Donnie Brooks “Mission Bell / Do It For Me”

I decided that I will write about 45s, as well, on this site (DJ Farraginous)—singles, seven inch records—as well as 7 inch 33 RPM records, 12 inch singles, EPs, 10 inch records—anything I can play, as long as it’s vinyl. I have a box of 45s that’s even more random than my LP records… I have no idea where half of them came from. Anyway, I made a random system to chose what I’d write about—and the first one up is this beat to hell, old Donnie Brooks single on Era Records (whose logo is a kind of cool atomic symbol). I’ve never heard this record before, and if you asked me if I had it, I’d have said “I don’t think so.” I really have no idea what’s in this box. It plays pretty well, though, sounds good. Both songs are pretty wimpy, but “Mission Bell” is the better of the two, and I guess it was a hit record in 1960. I can see how it might grow on you—there are backup singers, and bells ringing in the ether—a very poppy love song, with cornball lyrics—kind of Pat Boone sounding, I guess, or Bobby Darin? I don’t know. I have no knowledge or real interest in these 1960-era pop singers.

Anyway, Donnie’s real name was John Dee Abohosh, which is kind of a great name, but he went by several different performing names, including Dick Bush! “Donnybrook” is the name for a fight, or brawl—I’ve heard it most used for those baseball brawls—you know where they all get puffed up and red-faced and everyone comes pouring from the dugout, but no one thinks to use a baseball bat? Also, apparently, he played the role of Jesus in the rock opera, Truth of Truths, in 1971, which I’d love to get a recording of, if it exists. It strikes me as interesting that he was born the same year as my mom (1936—and they both passed away at almost the same time, too), and this record, which I now, somehow, find myself listening to for the first time, came out the same year I was born—when Donnie Brooks and my mom were like 24. Not that young or old to have a kid, or a hit single, I guess, but when I think about people I know having a baby at 24 it kind of freaks me out. I know a lot of people are emotionally equipped for it at that age, but I certainly would not have been, at 24—staying up for days at a time, drinking Night Train Express, waking up in “how did I get here?” vestibules of… was it looking-for-love desperation, or just the out of control sugar/alcohol regions of my brain?

08
Sep
17

Tom Waits “Nighthawks at the Diner”

This is a very early Tom Waits record, though I can’t remember exactly when I first heard it or where I got it, but it’s always been one of my favorites—of his, and favorite records period—and without a doubt my favorite live record—though it turns out—according to the internet—that it’s not really a live record after all. Apparently it was recorded at the Record Plant, in LA, in front of an invited audience used to replicate the sound and feeling of an intimate jazz club or piano bar. It’s really well done—they had me fooled. I always pictured this kind of sleazy, Sunset Strip nightclub, and throughout, he does refer to the Ivar Theatre repeatedly, and also “Rafael’s Silver Cloud Lounge,” and though I always figured he was kind of spinning tales, I still assumed this was in a legitimate club—you can almost smell the bourbon, vomit, and cigarette smoke bathed in red neon. Now, when I found out that I had been totally fooled, do you think I got angry? No. Because I have a high intellect, and I can enjoy being fooled, and I appreciate something so well executed.

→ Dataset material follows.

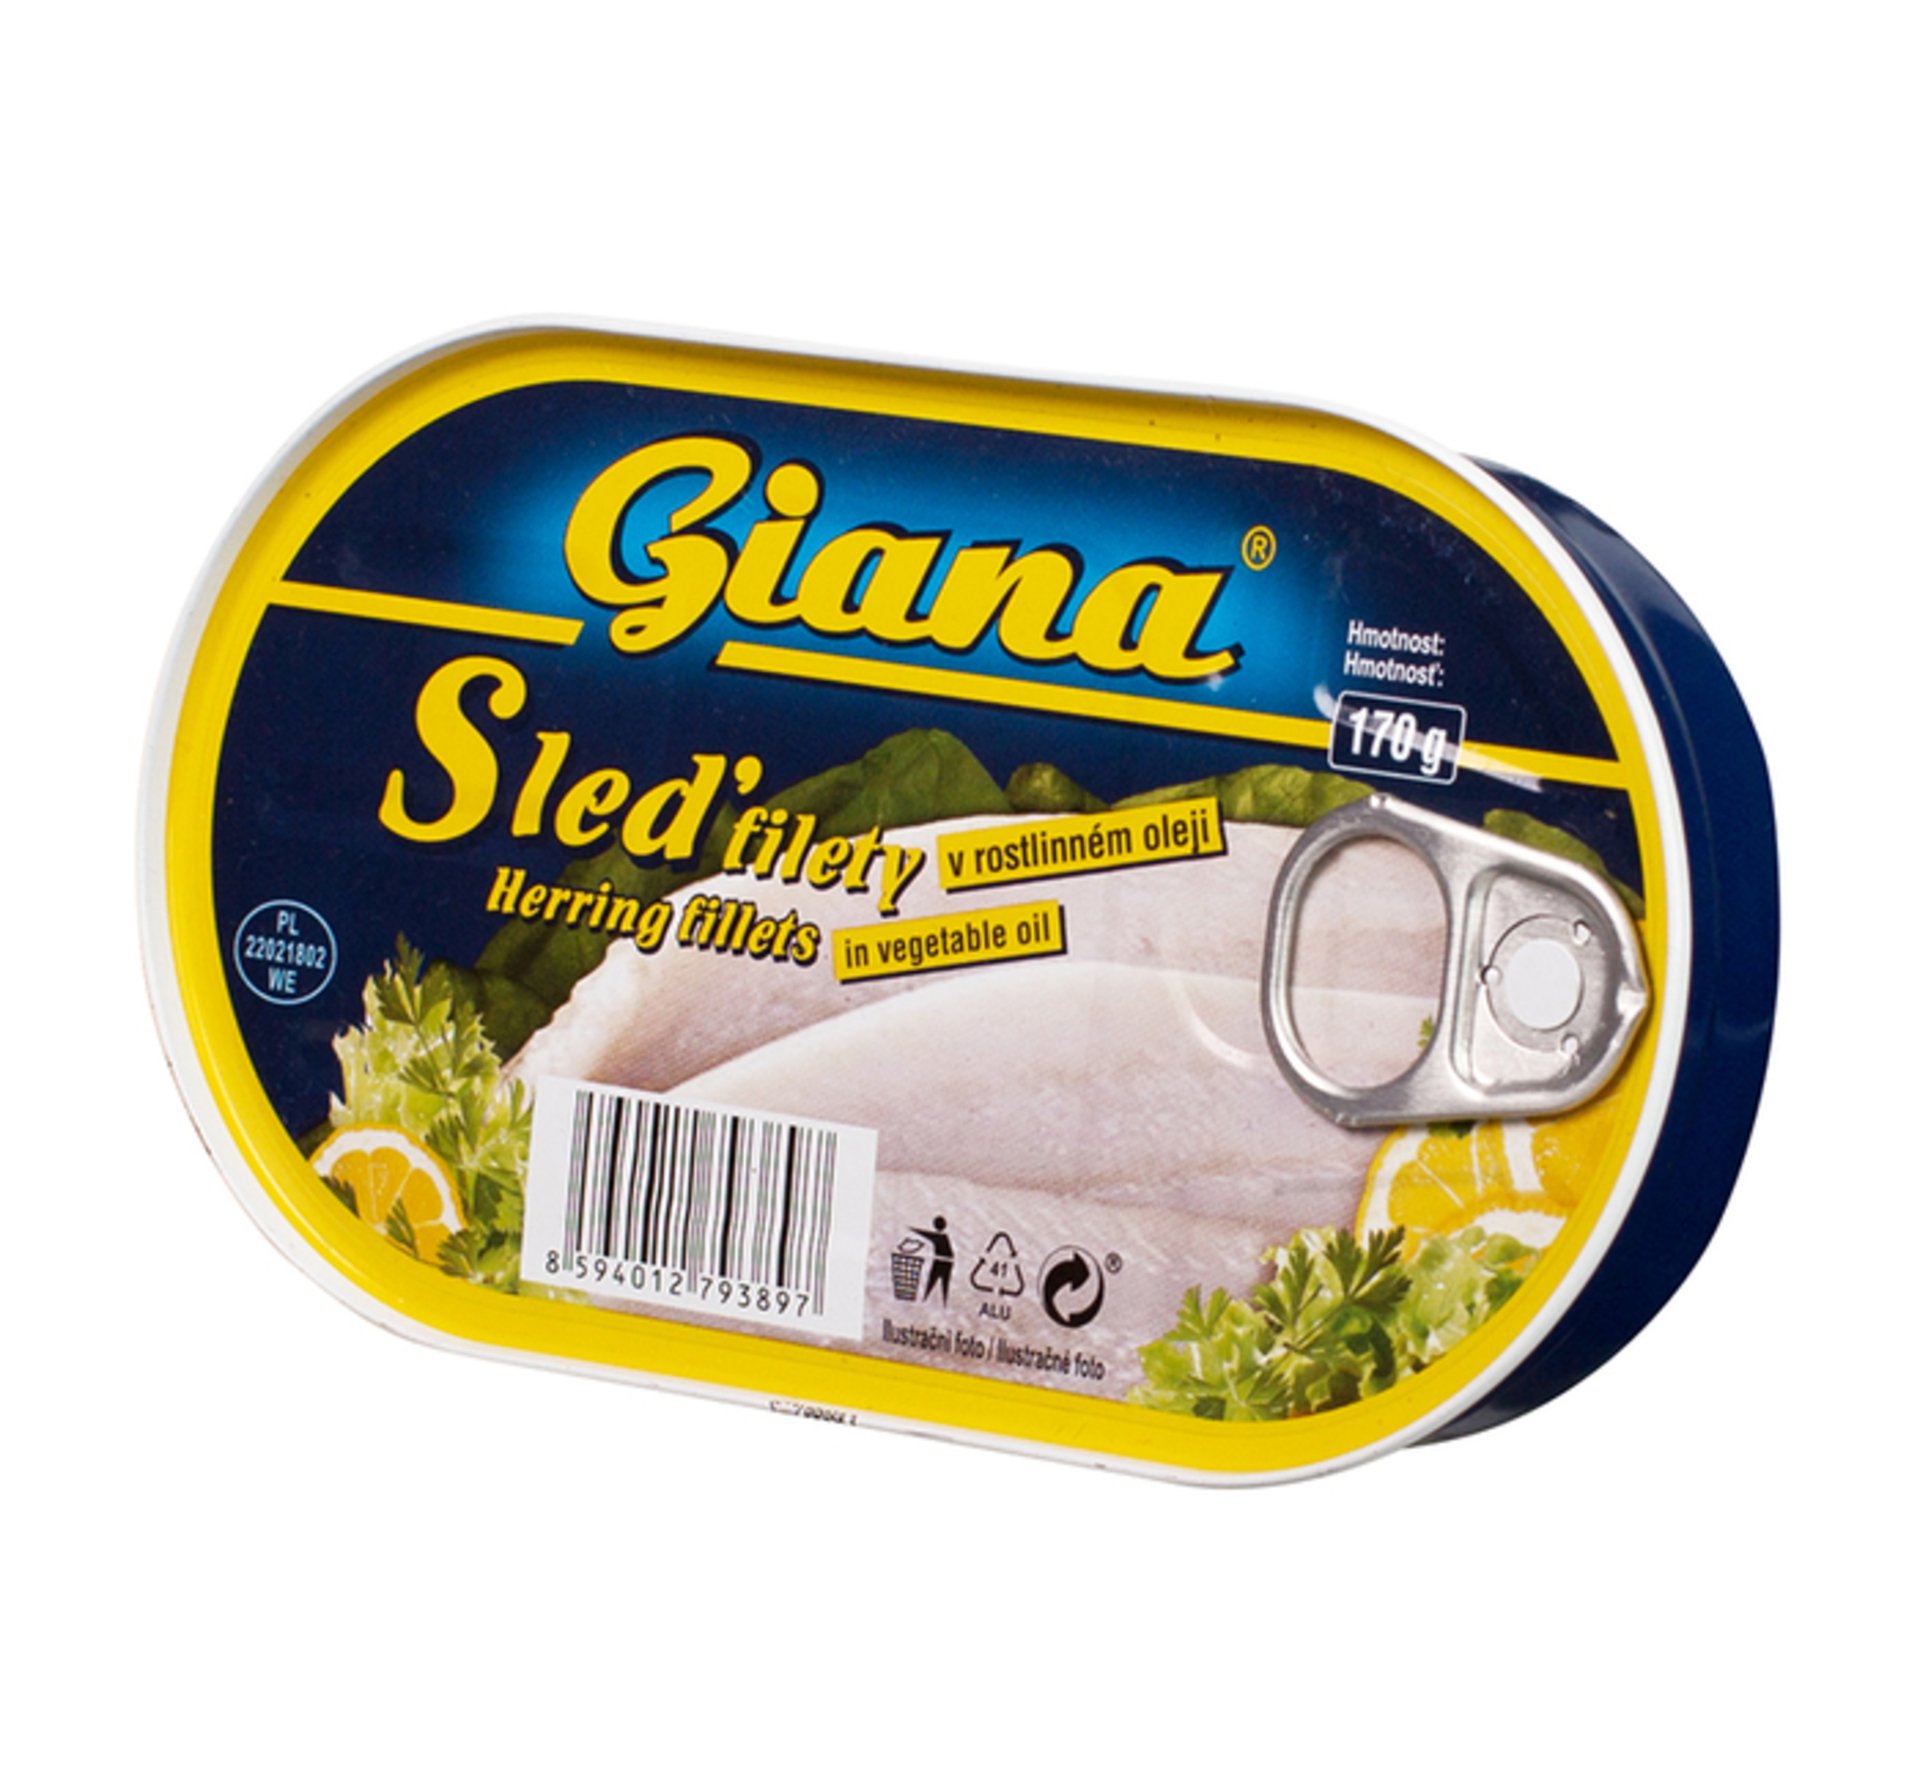 E-shop Giana Sleď filety v rastlinnom oleji 170 g

His monologues before many of the songs are amazing in themselves; the one before “Eggs and Sausage” is particularly good and would make the record, even if that’s all there was. But there’s more, of course; in fact it’s a double record, and all the monologues and songs kind of blend seamlessly. Okay—now I notice—on the back of the album cover it says, right there, that it was recorded at The Record Plant. I guess I never bothered to read it. I also just noticed that there’s extensive lyrics on the inside, when you open it up—these are some long songs. I guess I never read along with the lyrics because you can pretty much make out every word—even though he’s doing a real Tom Waits-like, rough nightclub singer voice, he’s also clear as a bell. The lyrics are crucial. I can recall listening to this record in the spring of 1986, in Columbus, Ohio, while I painted my kitchen. So even to this day it feels like it’s the ideal record to listen to while painting a kitchen.

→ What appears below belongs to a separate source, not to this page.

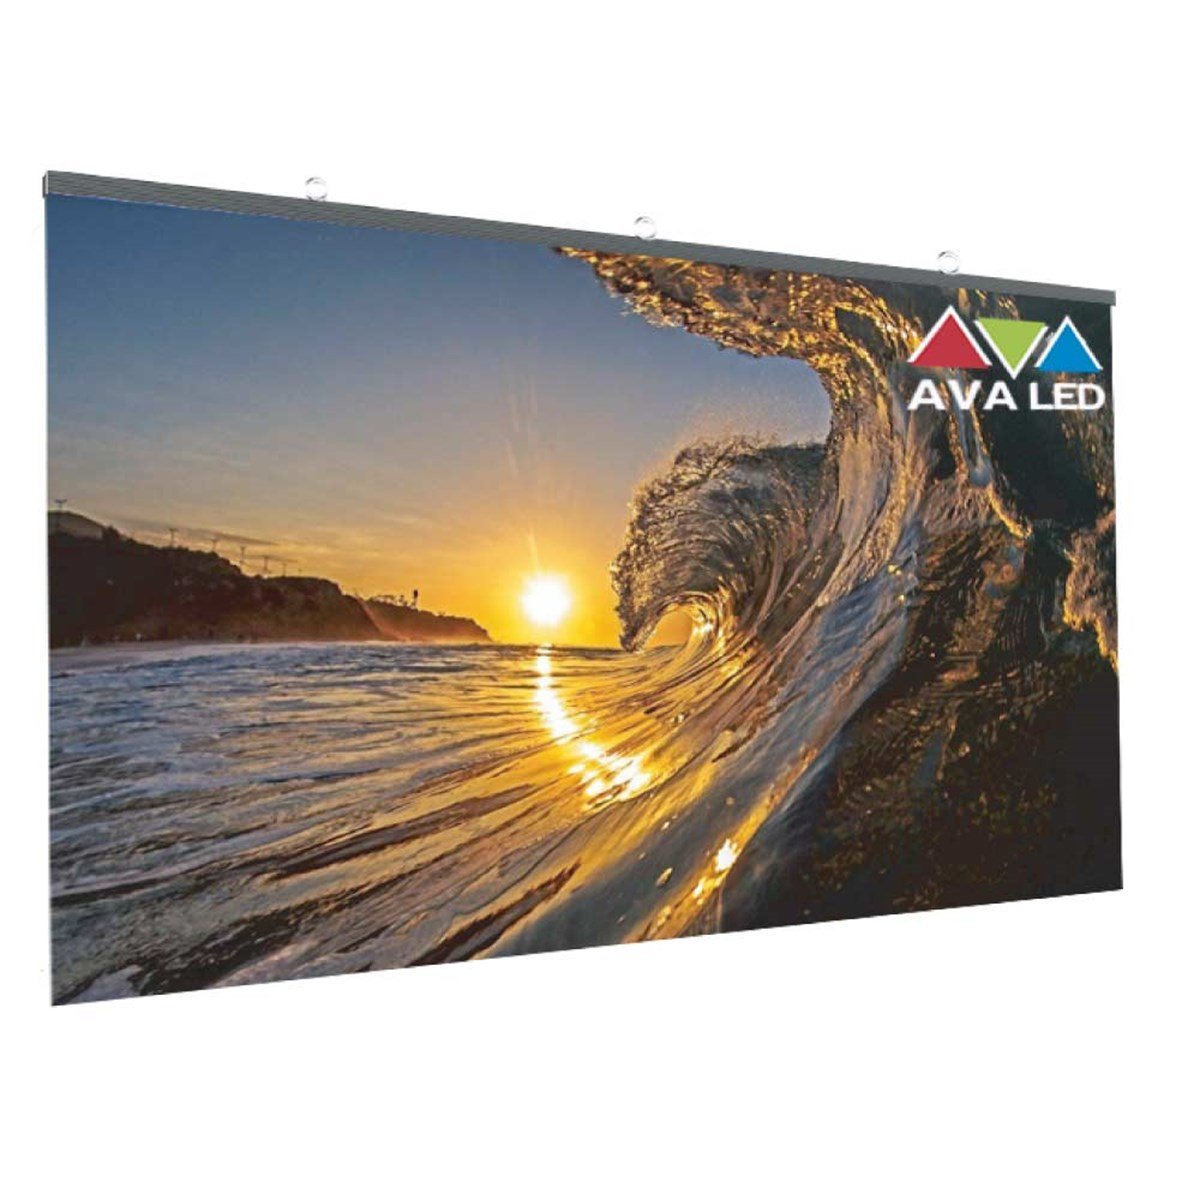 AVA LED TN-OF-4 Pro , High Brightness Outdoor Led Screen

It would take me pages and pages to even kind of go over my favorite songs and excerpt my favorite lyrics. There are only two or three songs per side, but it all kind runs together, feeling like one live show, and it’s dense and extensive. Tom Waits must have been only in his mid-twenties when he recorded this, but he sounds convincing as an old-timer who’s been around forever. That’s part of the act. The cover photograph is of Tom Waits in a booth of a diner, photographed through a window—it could possibly be something an art department set up—but could also be a real diner—it would have been easy to find this diner in 1975. There’s nothing in that picture that doesn’t ring true. There are also seven people in the picture, in the diner, with him. I suppose I could scour the internet to find out if it’s known who they are—it could be the musicians, or friends, or real people in a real diner, who knows? Someone knows. It would be pretty cool to be one of those people. I just noticed, for the first time ever!—on the very bottom right of the cover, lying face-down in front of the diner window, is a person wearing a leather jacket. How did I never see that before? It’s kind of freaking me out—what else, in this lifetime—have I also not ever noticed? A lot, I’m sure.

01
Sep
17

Mama Cass “Dream a Little Dream”

I picked up this record because I’m a huge fan of The Mamas & The Papas—it came out in 1968, and I guess it was her first solo record after they broke up—and I love Cass Elliot’s singing—and there’s a formidable list of songwriter credits—John Simon, John Sebastian, Richard Manuel, Leonard Cohen, Graham Nash, and more. The cover is a nice photo of her with a little kid on a Norton motorcycle, which is (as is the back cover photo) collaged and altered in a kind of sloppy, drug-addled (or seemingly), hippie-art style.

It’s a frustrating record because some of it so good you want to keep playing it, and some so off-putting you want to never put it on again. “Dream a Little Dream” is what you’d expect, and then a John Hartford song called “California Earthquake” is excellent. The song after that, with the intriguing title of “The Room Nobody Lives In,” is odd, kind of like: “We’re now in a musical!” “Talkin’ to Your Toothbrush” is another nice one, but then “Blues for Breakfast,” (one of my favorite songs from The Basement Tapes) is sped up and jaunty, in a kind of musical review style, not good at all, and it’s a song I love, so that’s sad. Finally, “You Know Who I Am,” manages to start out being soulful, and then falter into a style that sounds like it’s an overblown production number from a TV special. Side two is similar (and I’m not going through it song by song) in that it wavers between excellent and annoying, from song to song, and even in the middle of the same song, from verse to chorus—even from instrument to instrument. Kind of a frustrating record overall. On one hand, I want to donate it to my thrift store, and on the other, I want to keep it, so I can forget it, and then have this whole frustrating experience over again someday.